What this task involves – Reproduce each line below precisely. Drop the pictures.

Supplied data –
========================

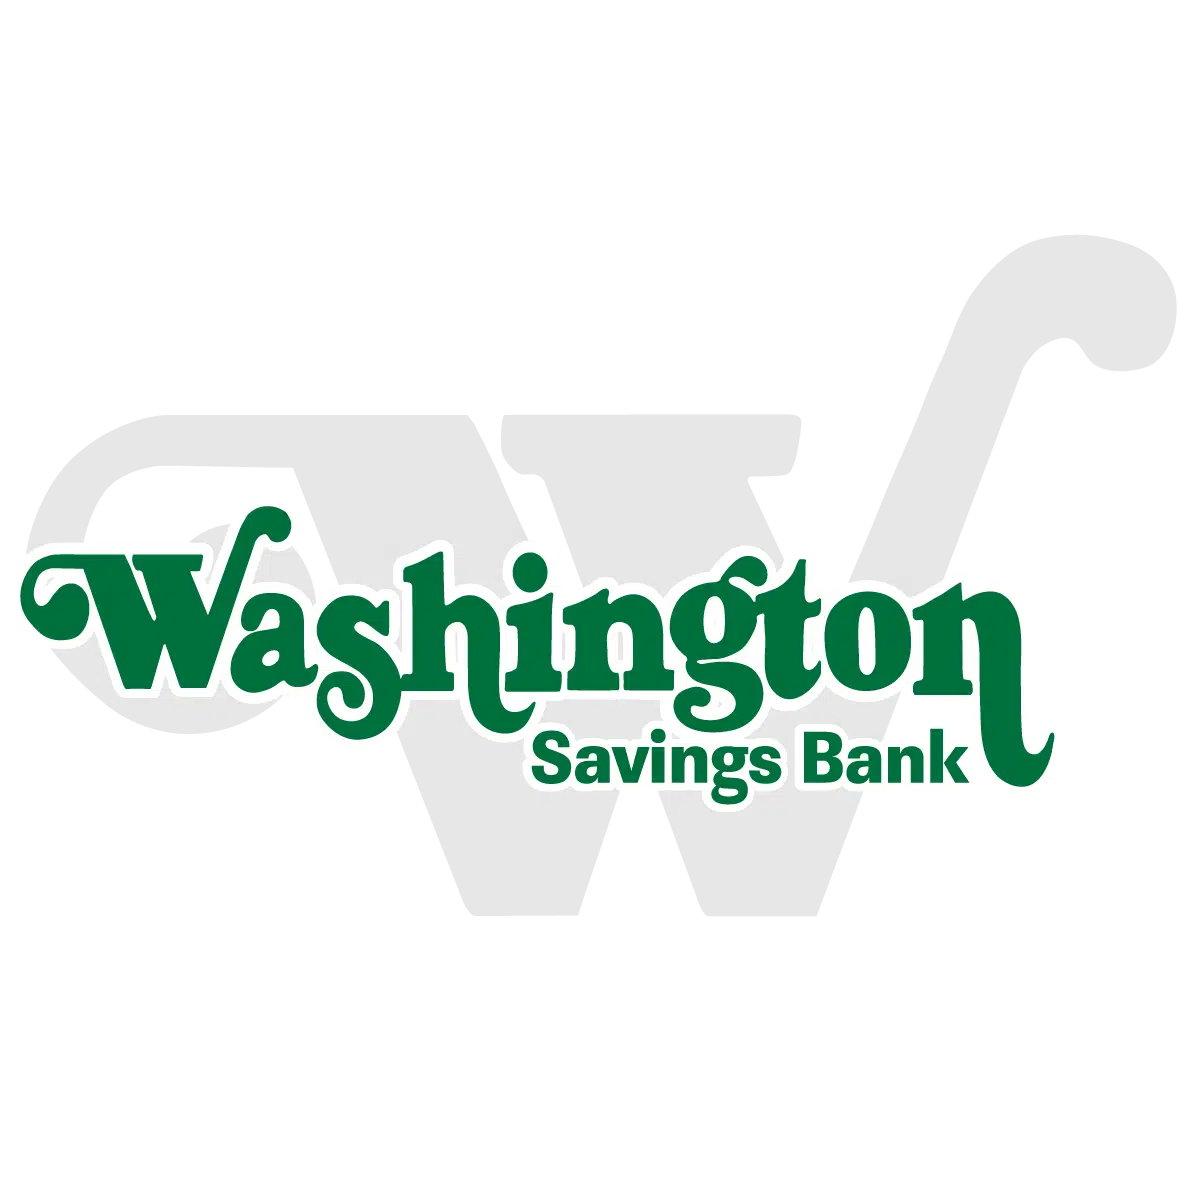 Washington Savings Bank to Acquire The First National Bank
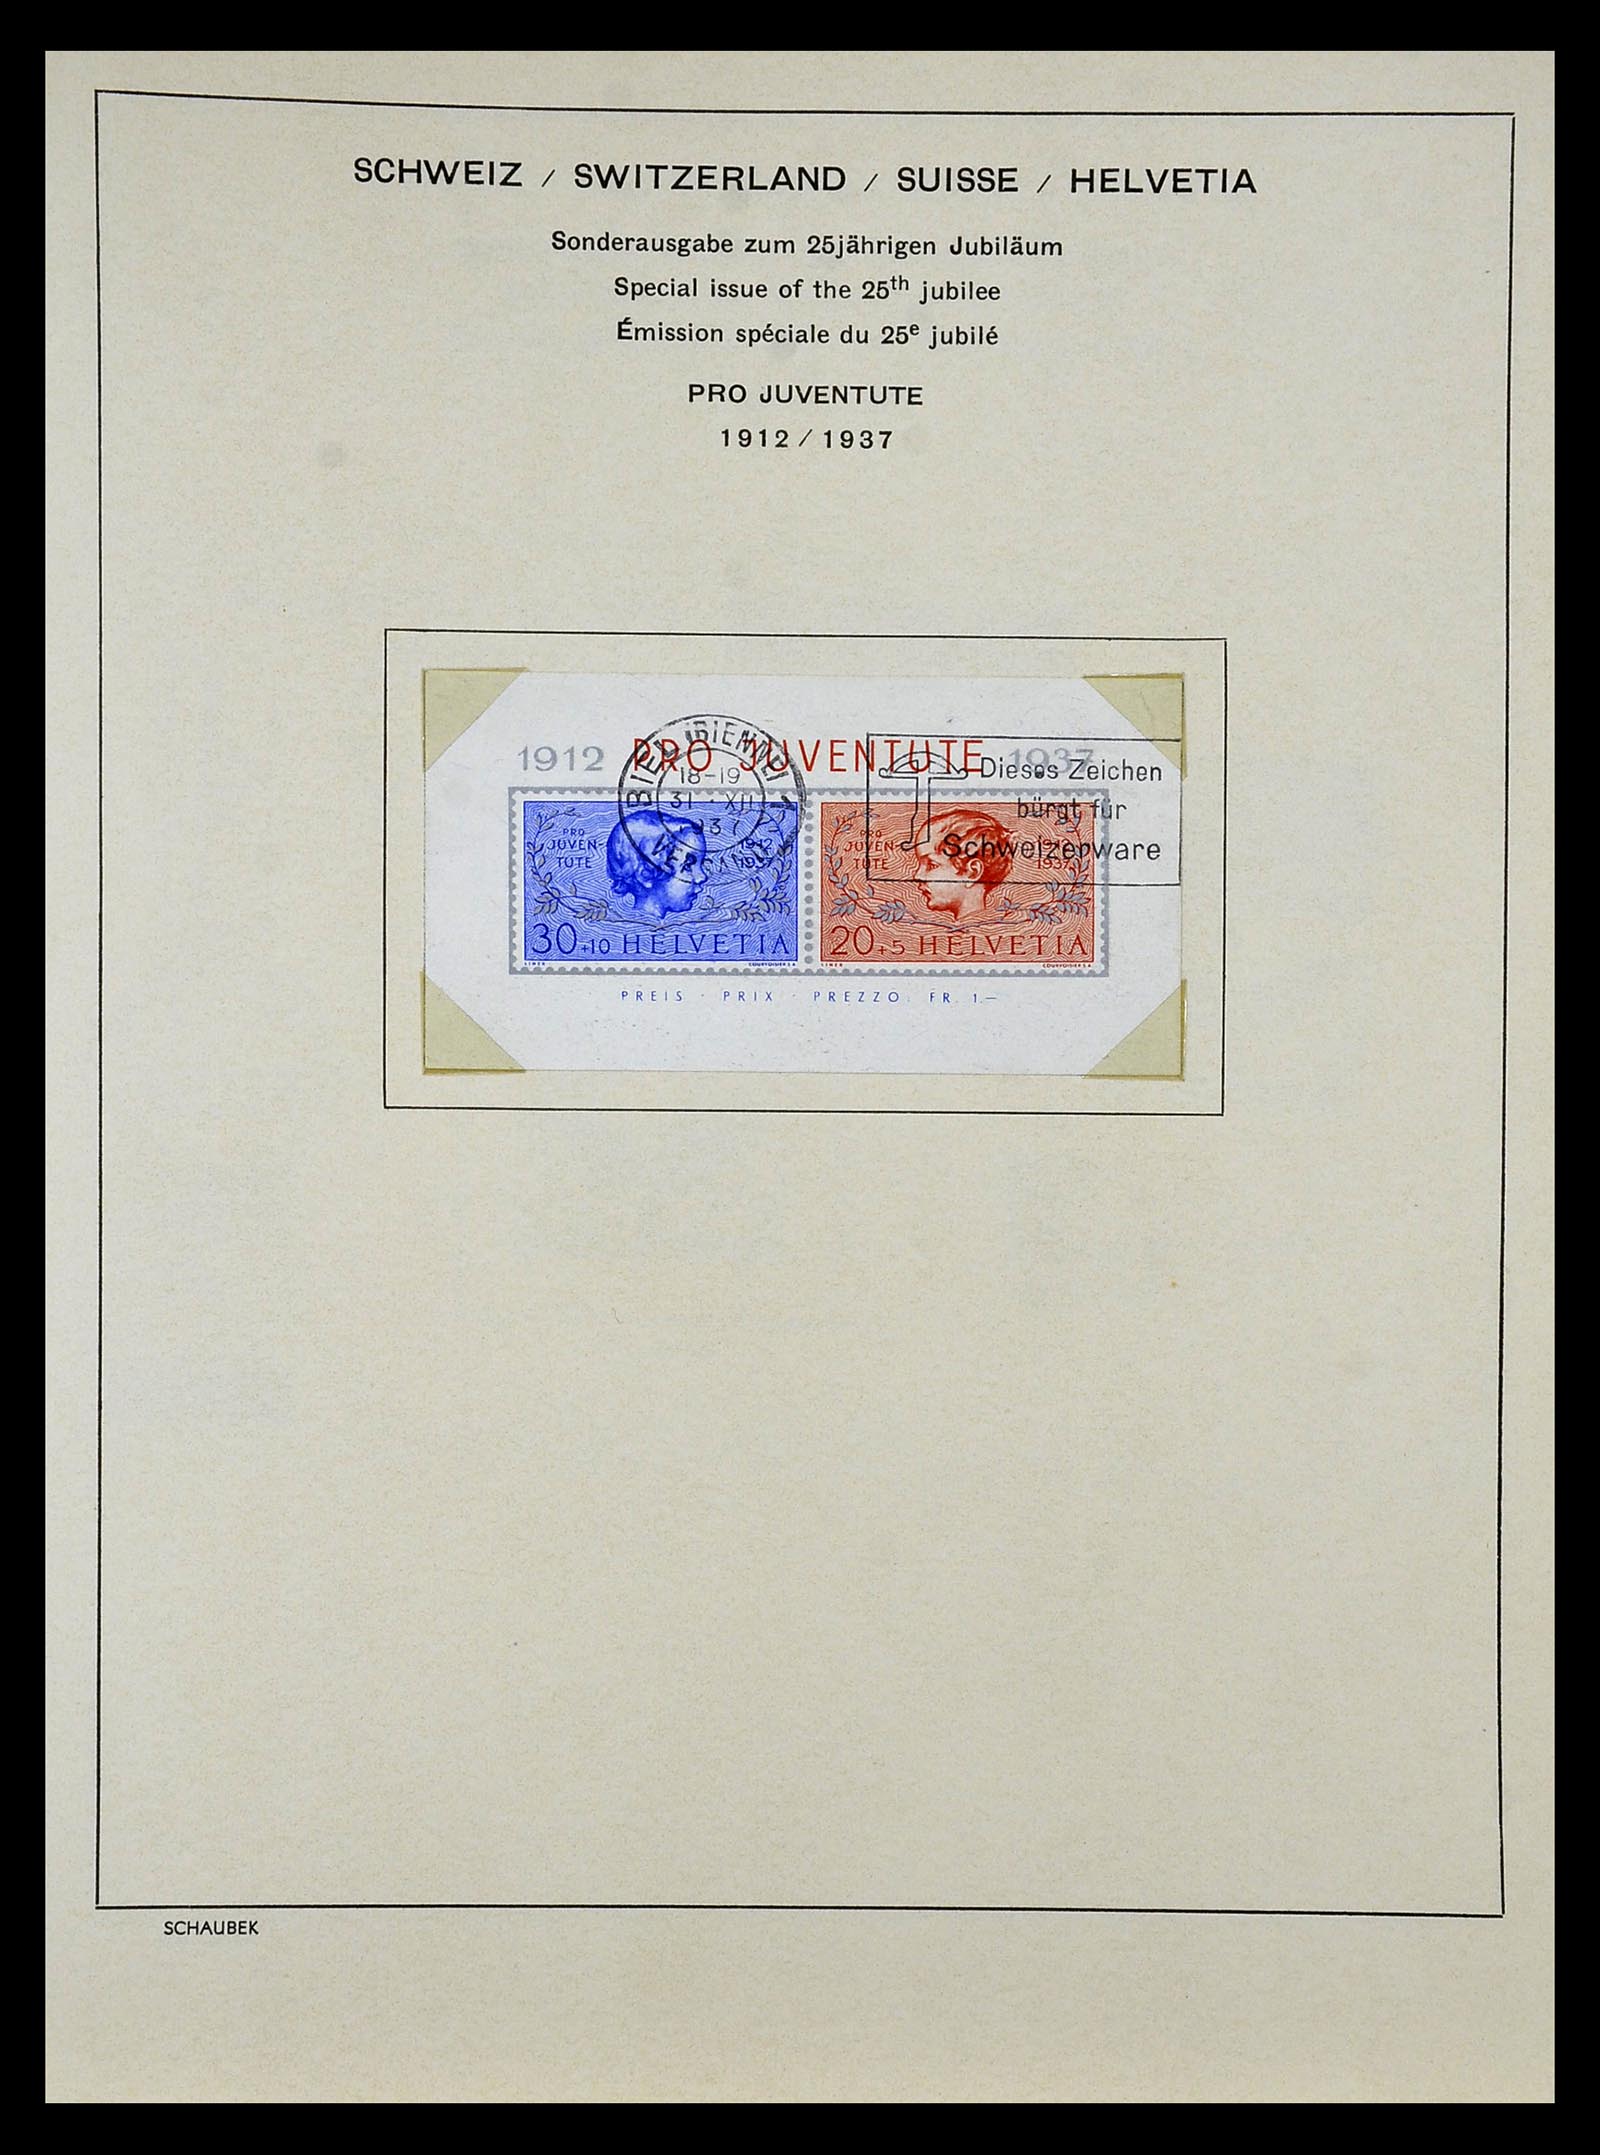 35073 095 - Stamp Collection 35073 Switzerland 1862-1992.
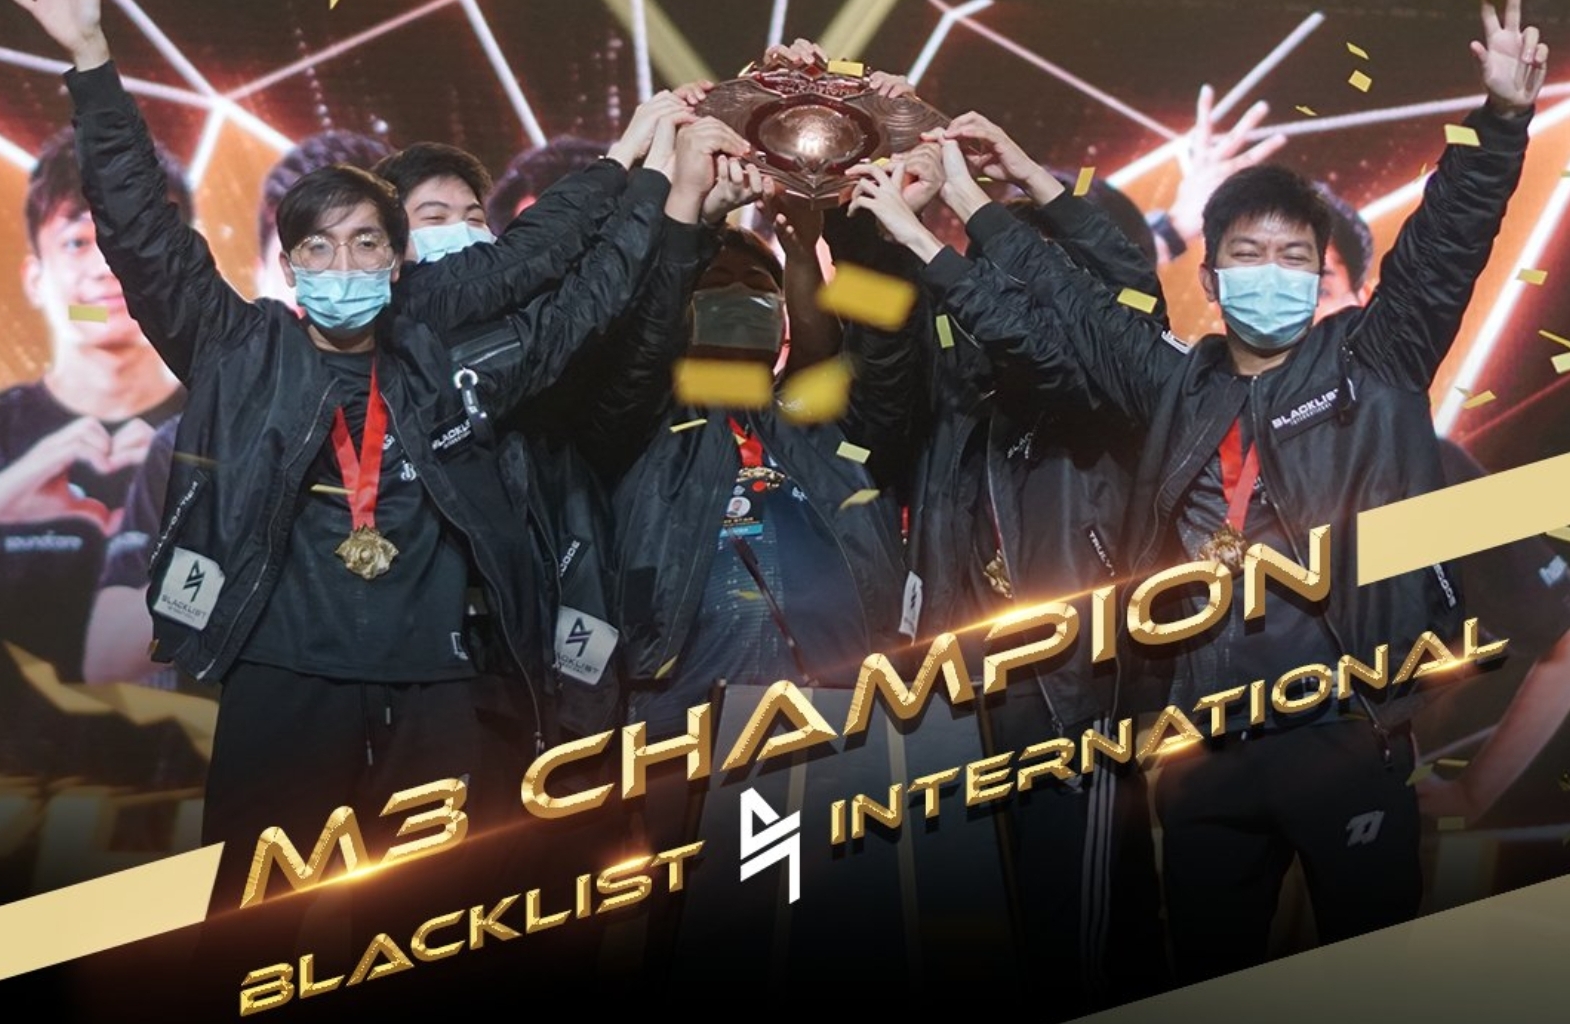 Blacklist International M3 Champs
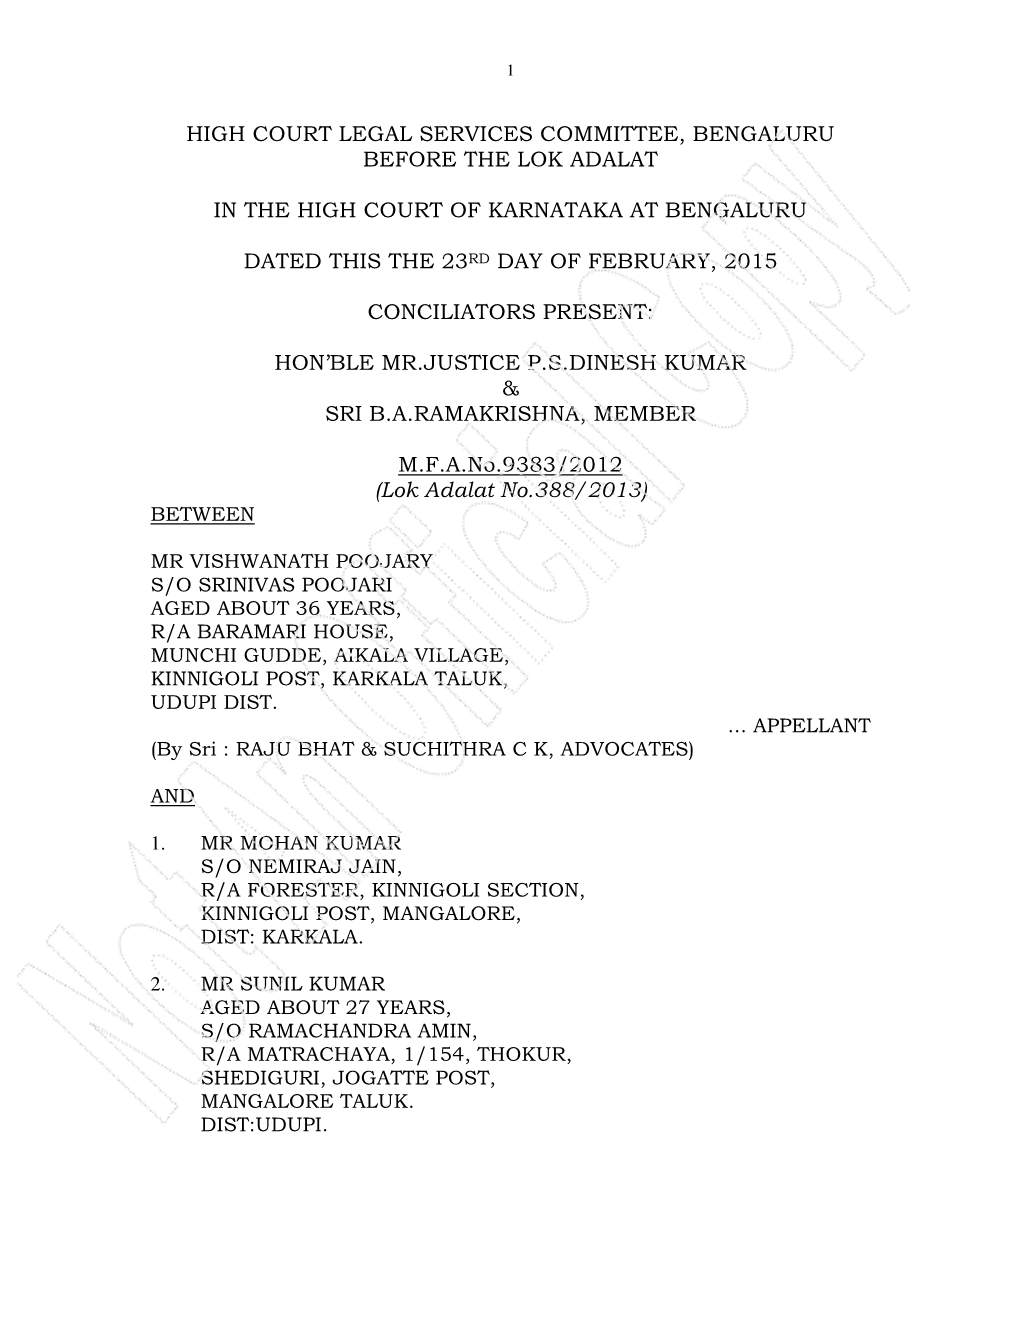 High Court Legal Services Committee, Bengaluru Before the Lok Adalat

========================

Reply to the exercise –
 Washington Savings Bank to Acquire The First National Bank
 35073 095 - Stamp Collection 35073 Switzerland 1862-1992.
 Blacklist International M3 Champs
 High Court Legal Services Committee, Bengaluru Before the Lok Adalat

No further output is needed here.